*** Data to examine ***
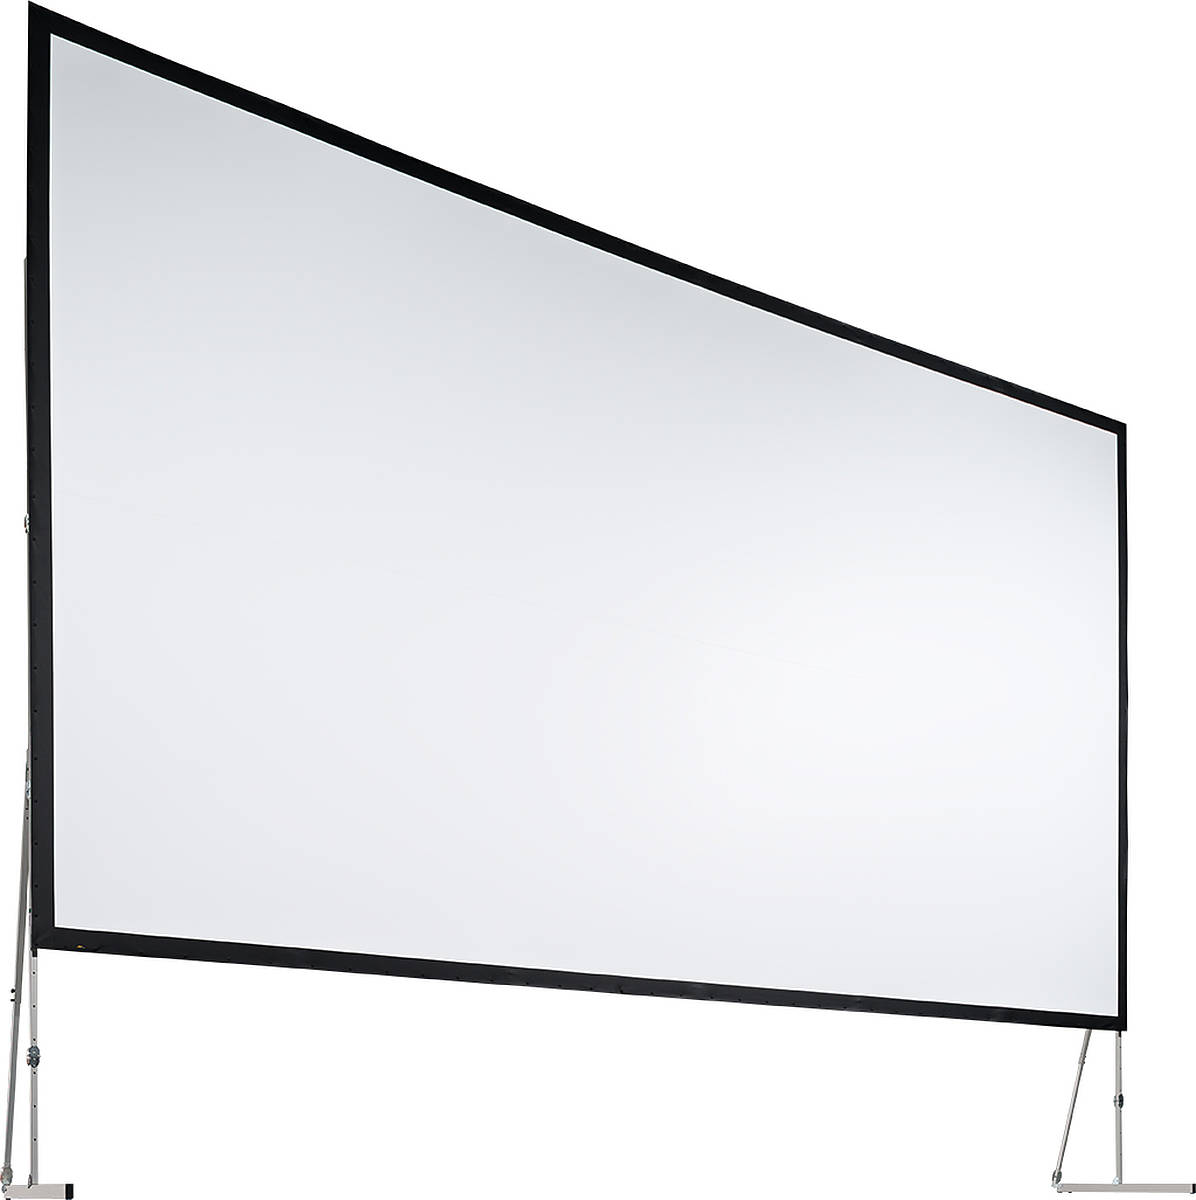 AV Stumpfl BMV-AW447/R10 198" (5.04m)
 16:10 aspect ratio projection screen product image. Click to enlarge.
*** End of Data to examine ***
*** Data to examine ***
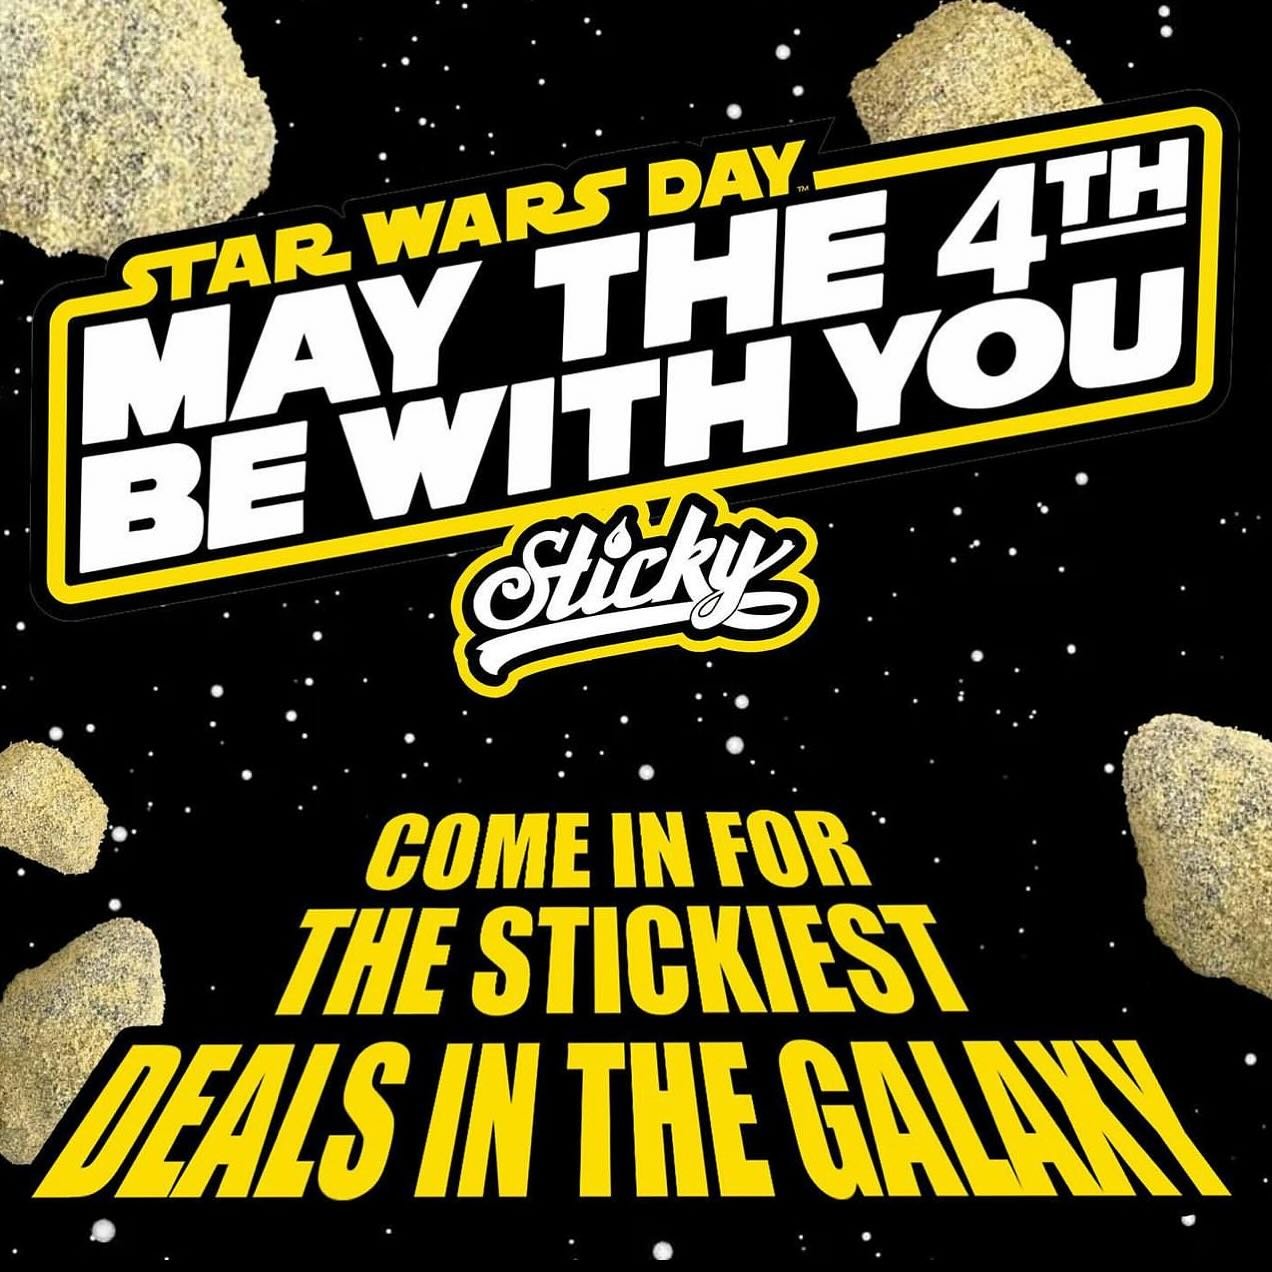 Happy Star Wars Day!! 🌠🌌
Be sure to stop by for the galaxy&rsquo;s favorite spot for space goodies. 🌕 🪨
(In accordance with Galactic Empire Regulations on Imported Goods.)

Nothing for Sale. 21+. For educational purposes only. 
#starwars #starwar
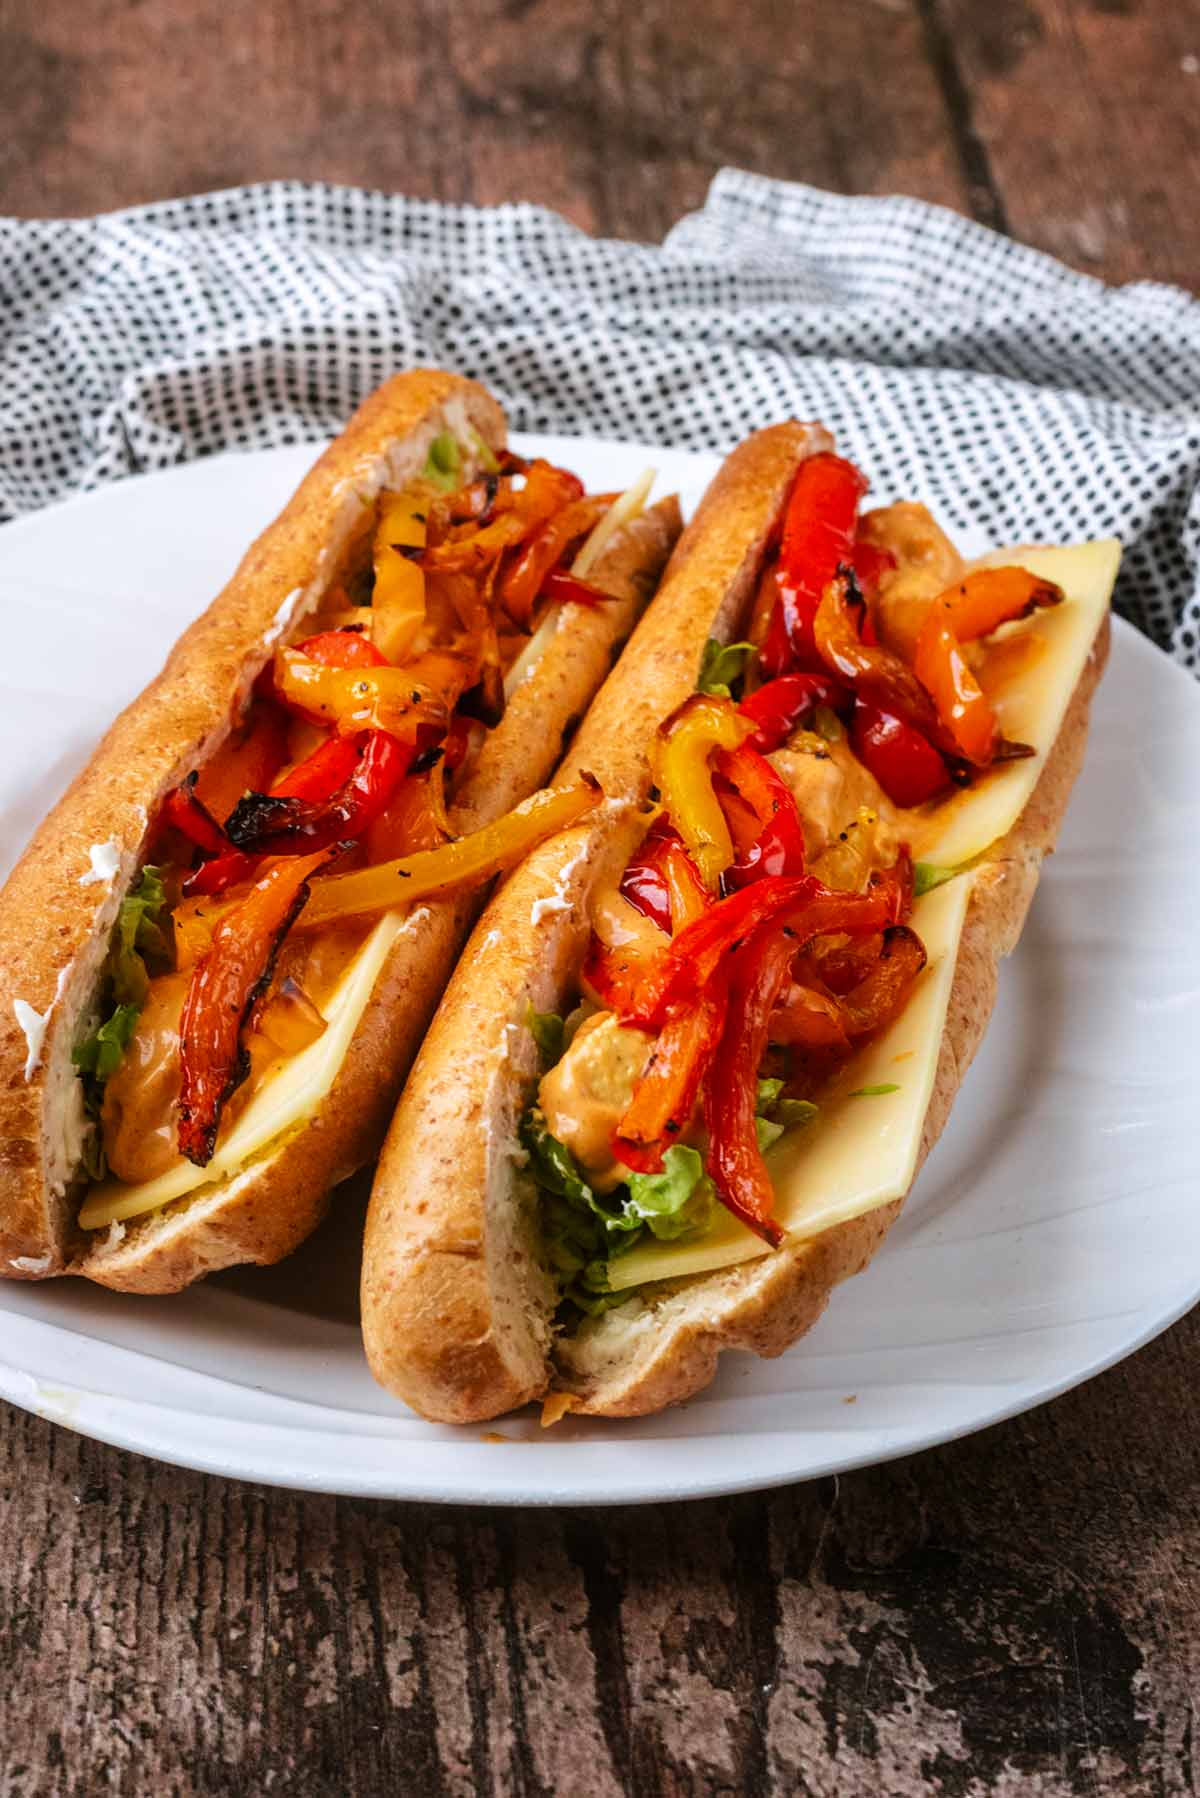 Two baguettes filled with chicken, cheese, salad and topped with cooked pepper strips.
*** End of Data to examine ***
*** Data to examine ***
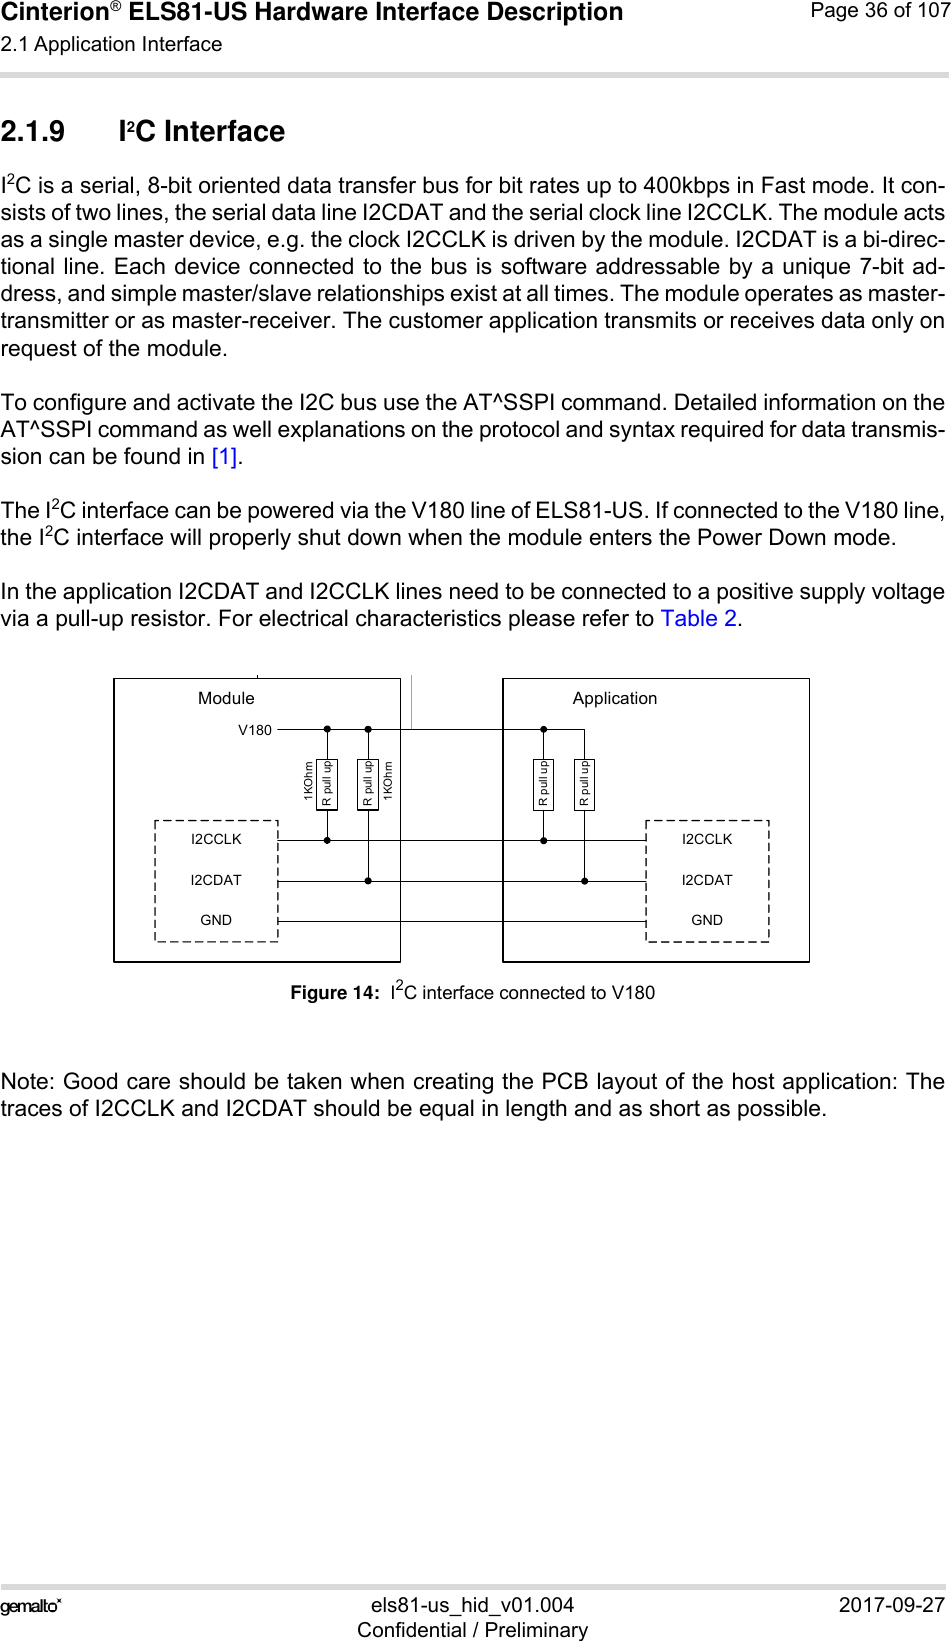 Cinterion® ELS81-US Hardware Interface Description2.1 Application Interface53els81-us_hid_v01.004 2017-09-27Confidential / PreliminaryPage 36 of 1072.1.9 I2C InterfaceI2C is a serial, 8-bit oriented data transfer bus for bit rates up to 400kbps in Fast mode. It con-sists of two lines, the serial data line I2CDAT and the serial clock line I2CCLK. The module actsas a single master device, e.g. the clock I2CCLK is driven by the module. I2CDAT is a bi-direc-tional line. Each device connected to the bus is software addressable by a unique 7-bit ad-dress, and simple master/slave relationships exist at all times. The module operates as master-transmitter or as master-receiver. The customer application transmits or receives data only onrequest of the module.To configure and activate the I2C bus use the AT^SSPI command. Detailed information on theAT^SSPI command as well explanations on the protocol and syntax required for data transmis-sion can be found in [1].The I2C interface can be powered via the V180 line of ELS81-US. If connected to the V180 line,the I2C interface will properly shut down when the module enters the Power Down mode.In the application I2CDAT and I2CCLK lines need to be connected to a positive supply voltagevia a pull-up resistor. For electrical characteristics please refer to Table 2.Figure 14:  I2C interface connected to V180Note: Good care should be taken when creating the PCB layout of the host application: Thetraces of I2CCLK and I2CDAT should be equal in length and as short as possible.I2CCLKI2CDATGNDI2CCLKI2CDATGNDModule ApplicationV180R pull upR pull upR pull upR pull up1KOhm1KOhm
*** End of Data to examine ***
**Task to carry out**.
Leave out the images and write out the lines above exactly, from the one with "#starwars #starwar" up to and including the one with "Two baguettes filled".

**Answer space**.
#starwars #starwar
 Two baguettes filled with chicken, cheese, salad and topped with cooked pepper strips.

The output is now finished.